Probate Judge of Rock County
- In office January 1, 1846 – January 1, 1847
- Preceded by: A. C. Bailey
- Succeeded by: C. S. Jordan

Personal details
- Born: April 4, 1812 Scipio, New York, U.S.
- Died: August 17, 1871 (aged 59) Abilene, Kansas, U.S.
- Resting place: Abilene Cemetery, Abilene
- Party: Whig; Democratic (after 1854);
- Spouse: Caroline Leach ​(m. 1834⁠–⁠1871)​
- Children: Horace I. Tompkins; ^{(b. 1837; died 1865)}; Celeste (Jackson); ^{(b. 1839; died 1898)}; Carrie Tompkins; ^{(b. 1851; died 1853)}; William Freeman Tompkins Jr.; ^{(b. 1854; died 1908)};

= William F. Tompkins (Wisconsin politician) =

19th century American politician

William Freeman Tompkins Sr. (April 4, 1812 – August 17, 1871) was an American farmer, businessman, politician, and Wisconsin pioneer. He served two terms in the Wisconsin State Assembly, representing the city of Janesville in the 1850 and 1851 sessions. He was also one of the first proprietors of the Janesville Gazette. He served in elected office as a Whig but after the dissolution of that party, he joined the Democratic Party. He was described as an extremist for temperance, and the "Father of Temperance in Rock County".

==Biography==
William Freeman Tompkins was born April 4, 1812, at Scipio, New York. His mother died shortly after his birth and his father died only a few years later.

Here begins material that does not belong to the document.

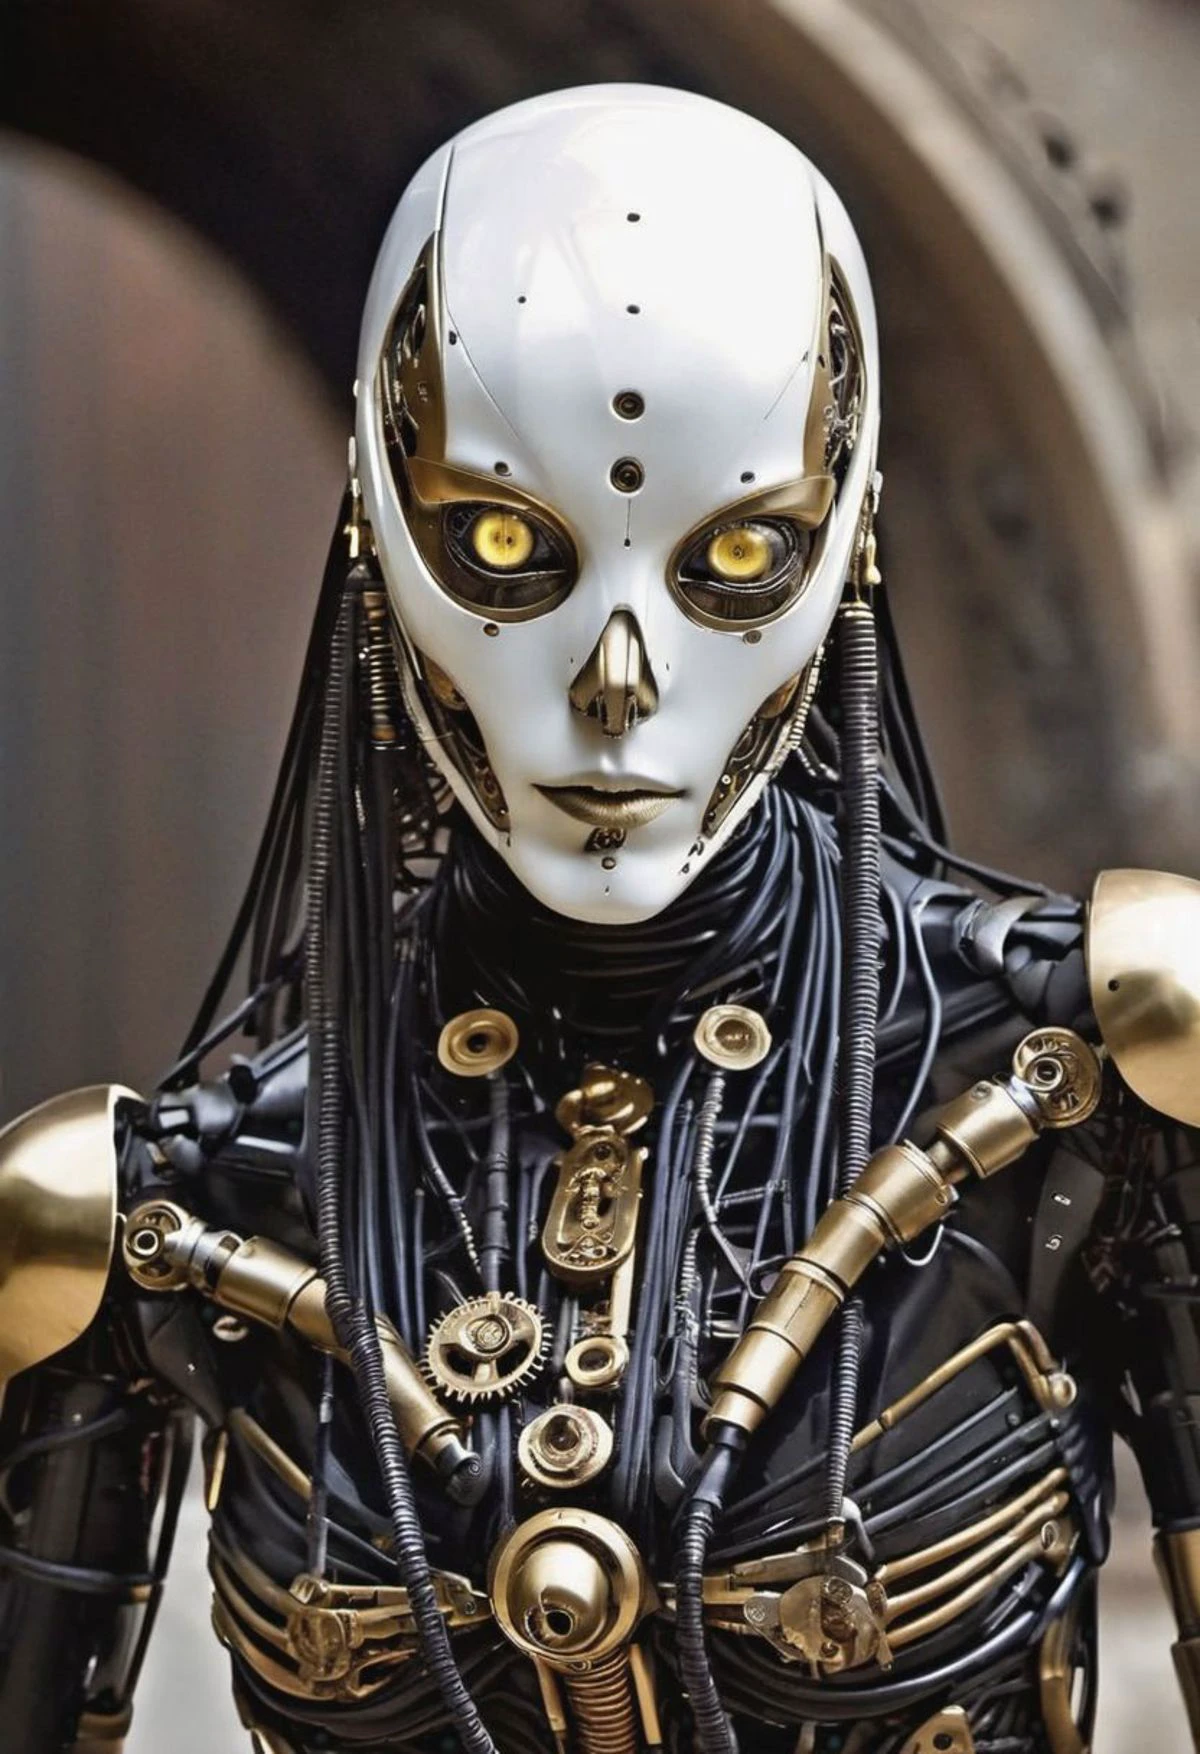 (girl), (skinny), (slender), (alien), (thin), (robot), (android), (cybernetic), (dune), (smooth), (cyborg), (mechanical), (tubes), (gears), (claws), (tentacles), (giger), (nun), (cross), (devine), (veil), (gold teeth), (rings), (golden teeth), (white eyes),(Utopia) A

Tompkins emerged in the Wisconsin Territory in the mid-1840s, as a politically active Whig, running for probate judge in 1844. He was unsuccessful in 1844, but won election as probate judge the next year, in 1845.

In December 1845, he purchased a share of the ownership of the Janesville Gazette newspaper, which had been founded earlier that year. He sold his share of the paper less than a year later, in September 1846.

Rock County in the early years of Wisconsin statehood was described as a Whig stronghold. Tompkins won two consecutive terms in the Wisconsin State Assembly, representing the Janesville Assembly district during the 1850 and 1851 legislative sessions.

Just after winning re-election to the Assembly, Tompkins was one of the founders of the Rock County Agricultural Society and one of its original officers.

After the Whig Party dissolved in the mid-1850s, Tompkins joined the Democratic Party. He went bankrupt during the American Civil War and left Wisconsin, ultimately moving to Abilene, Kansas, where he died in 1871.

==Personal life and family==
William F. Tompkins was the last of seven children born to William Tompkins and his wife Anna (' Freeman).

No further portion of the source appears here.